**What the exercise asks:** Restate, word for word, the run of lines that starts at the line containing "http://diglib.hab.de/inkunabeln/287-3-hist-2f-c/00001.jpg" and ends with the final line of the listing. Leave pictures out.

**Input data:**

..............................

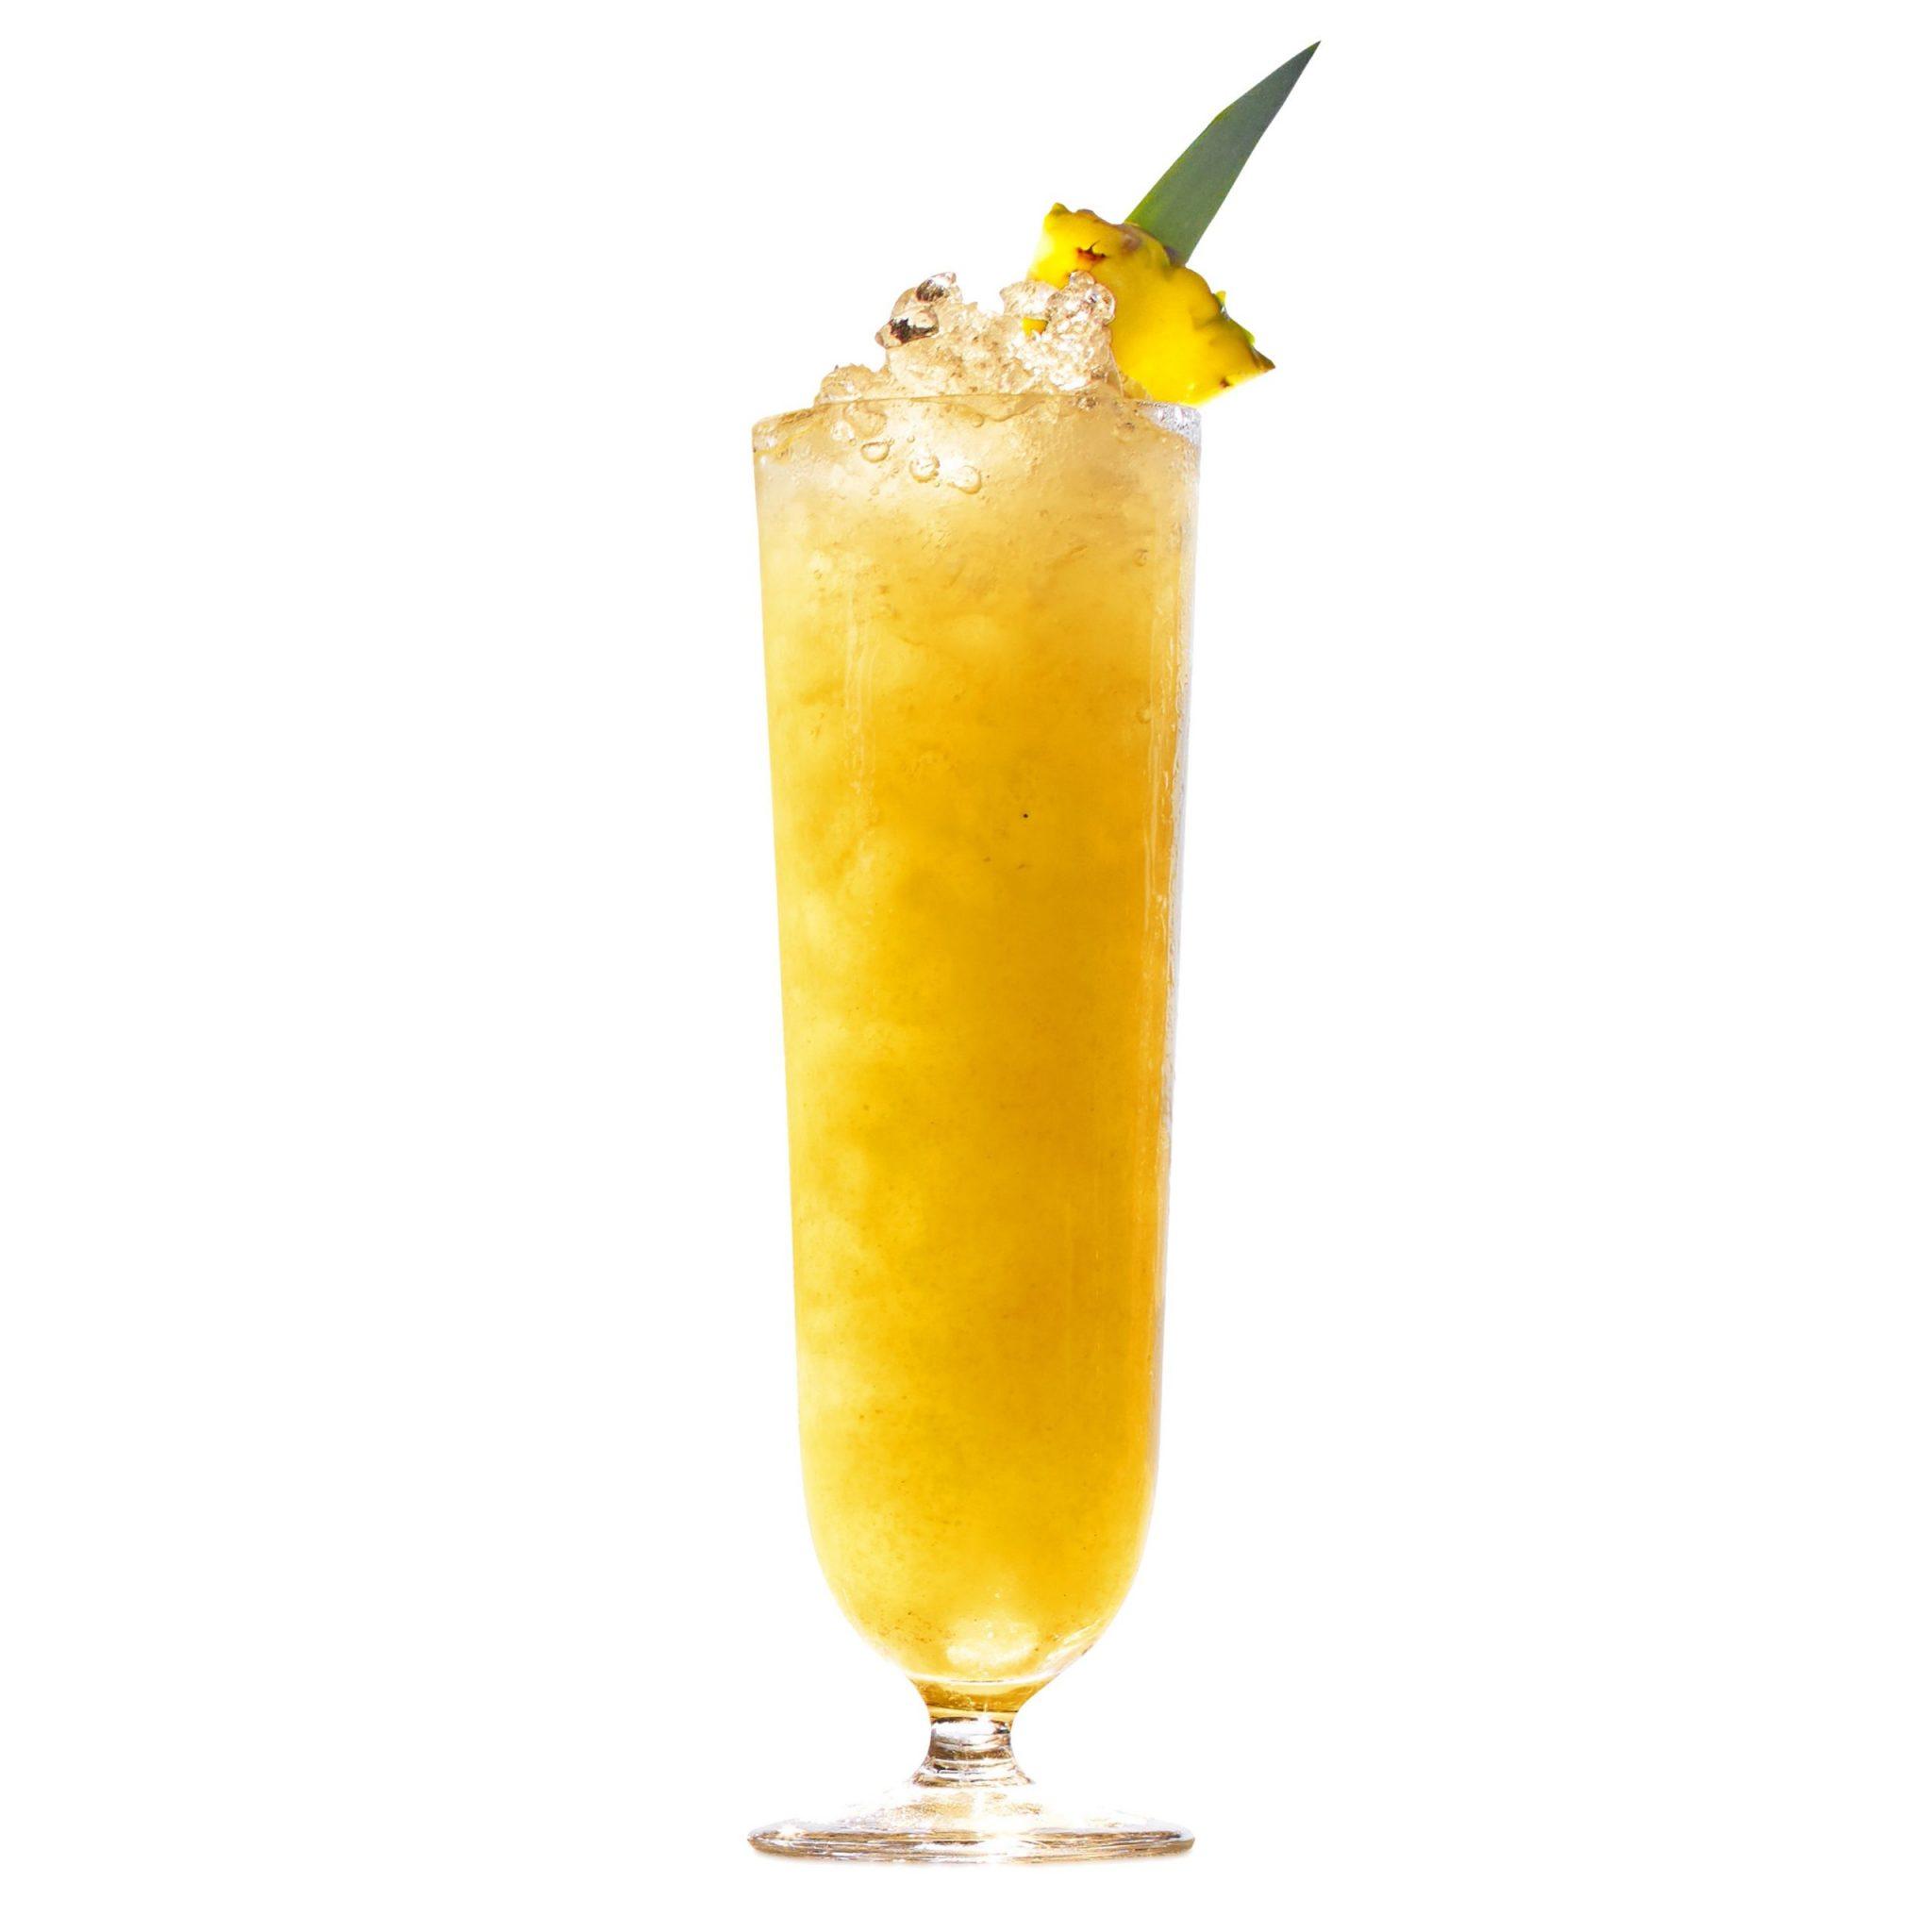 BACARDÍ Rum - Piña Colada - Cut out
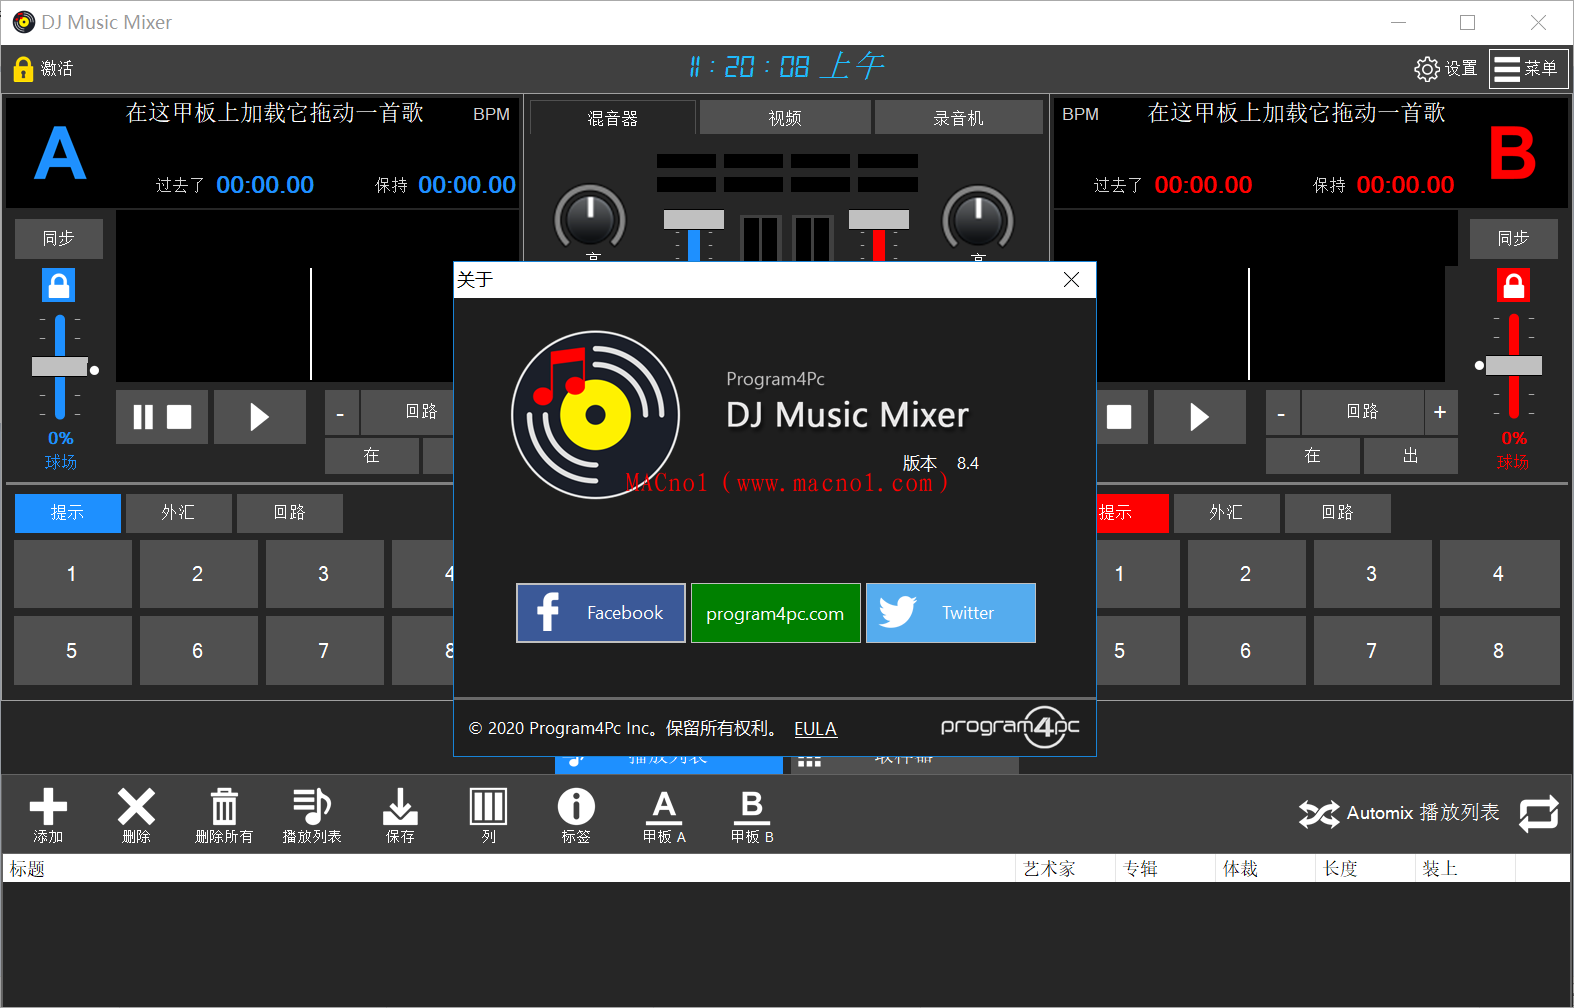 Program4Pc DJ Music Mixer 破解版.png
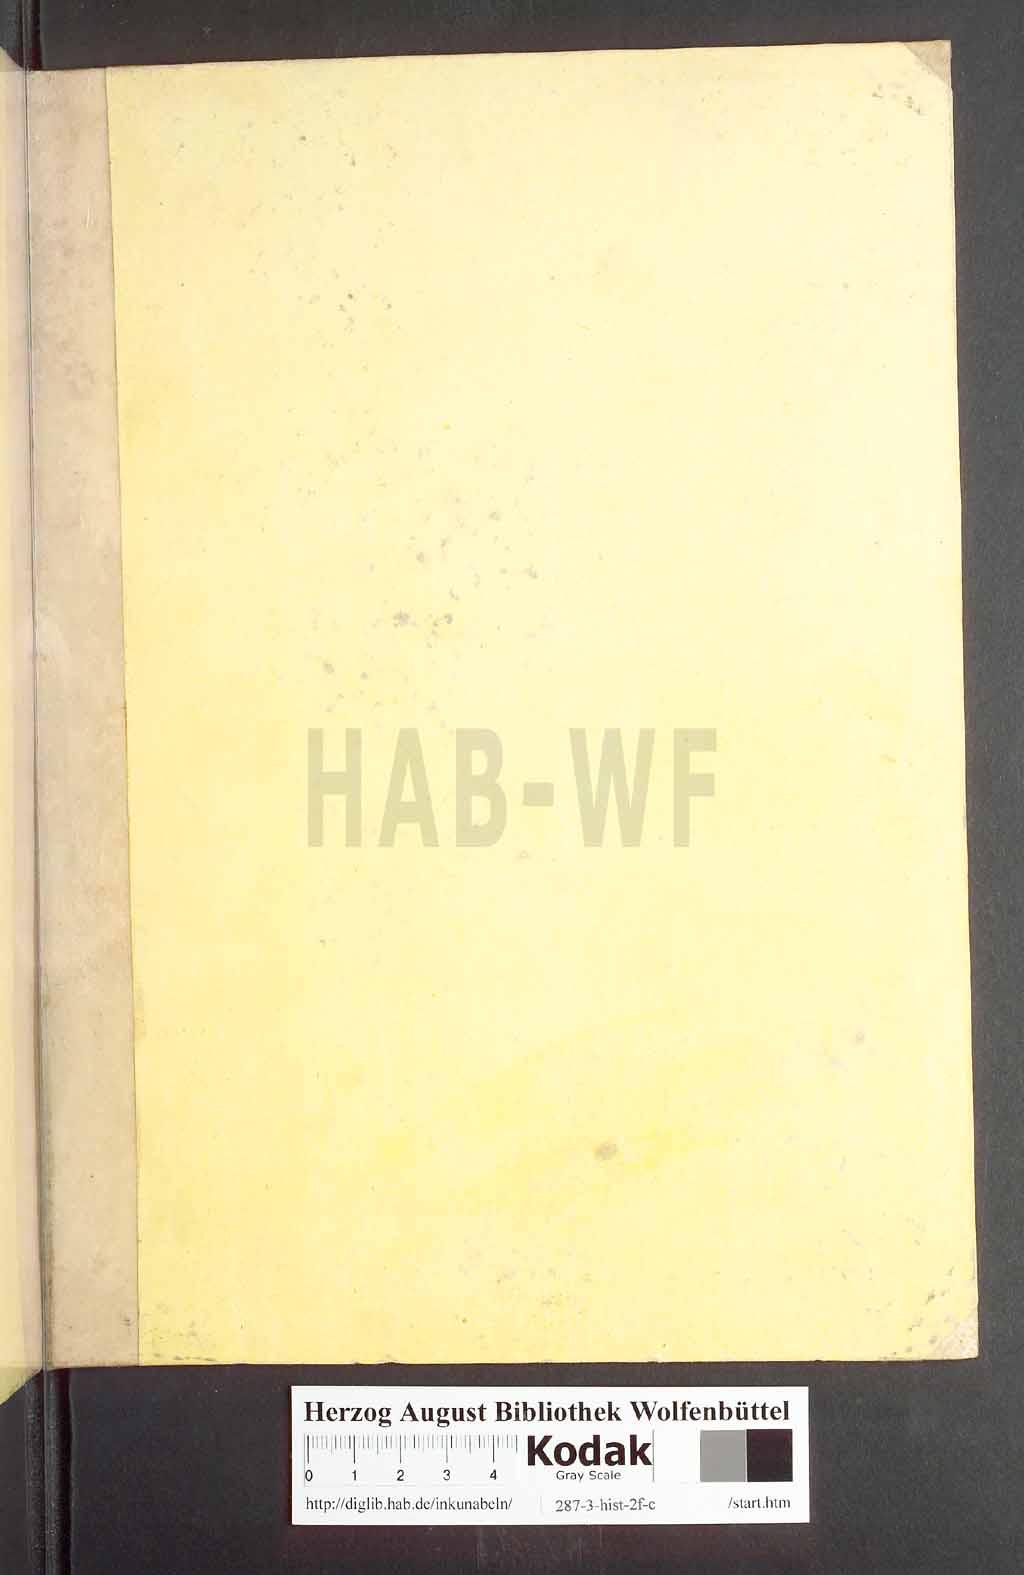 http://diglib.hab.de/inkunabeln/287-3-hist-2f-c/00001.jpg
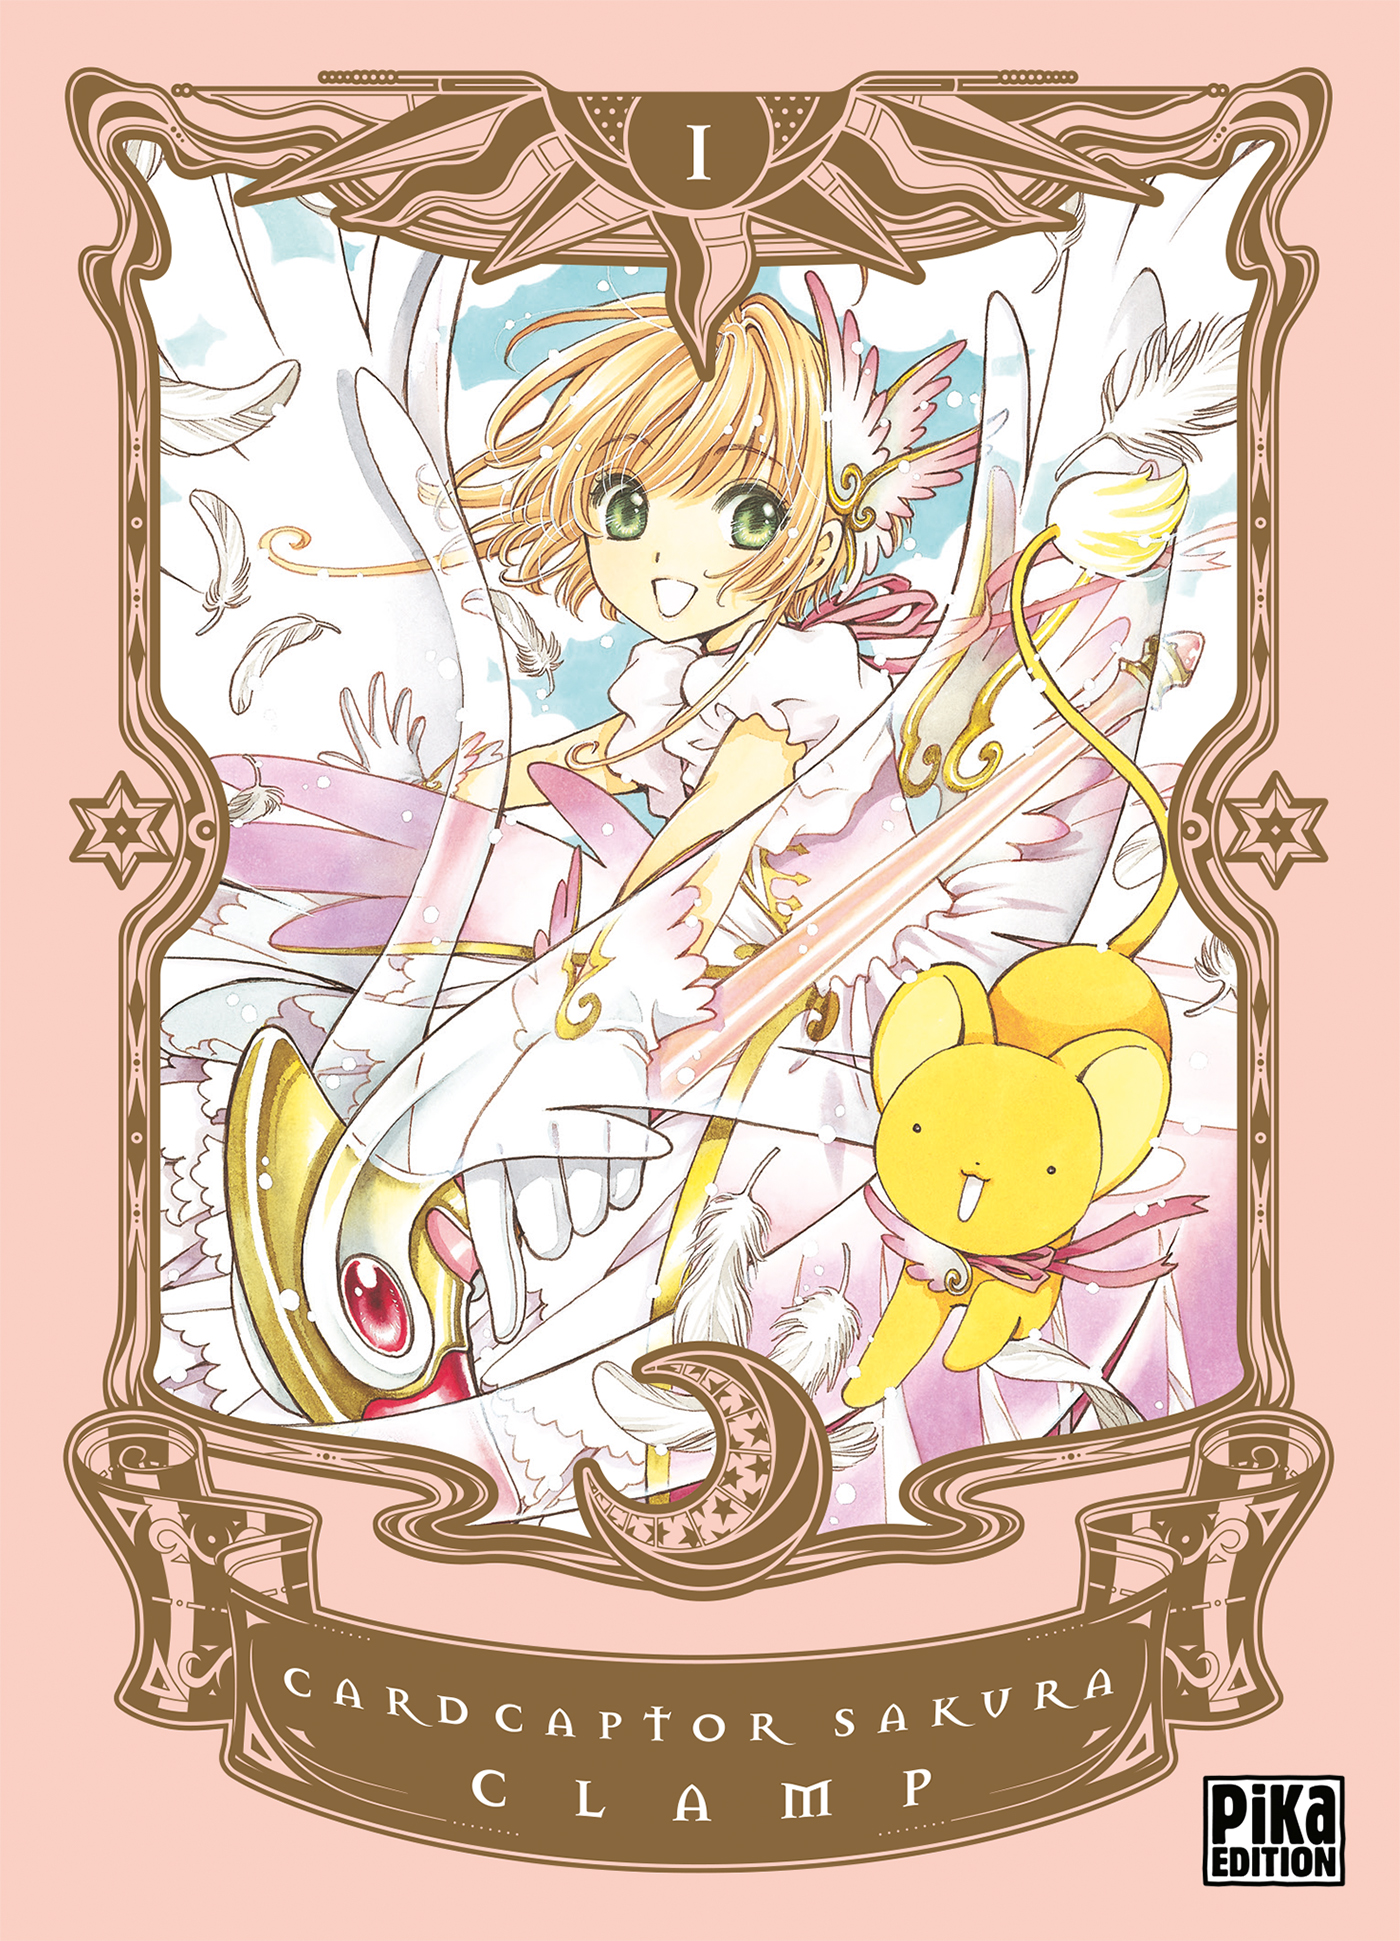 Vos achats d'otaku et vos achats ... d'otaku ! - Page 20 Card-captor-sakura-manga-volume-1-edition-2017-240346

..............................

**Response to this exercise:**
 http://diglib.hab.de/inkunabeln/287-3-hist-2f-c/00001.jpg
 Vos achats d'otaku et vos achats ... d'otaku ! - Page 20 Card-captor-sakura-manga-volume-1-edition-2017-240346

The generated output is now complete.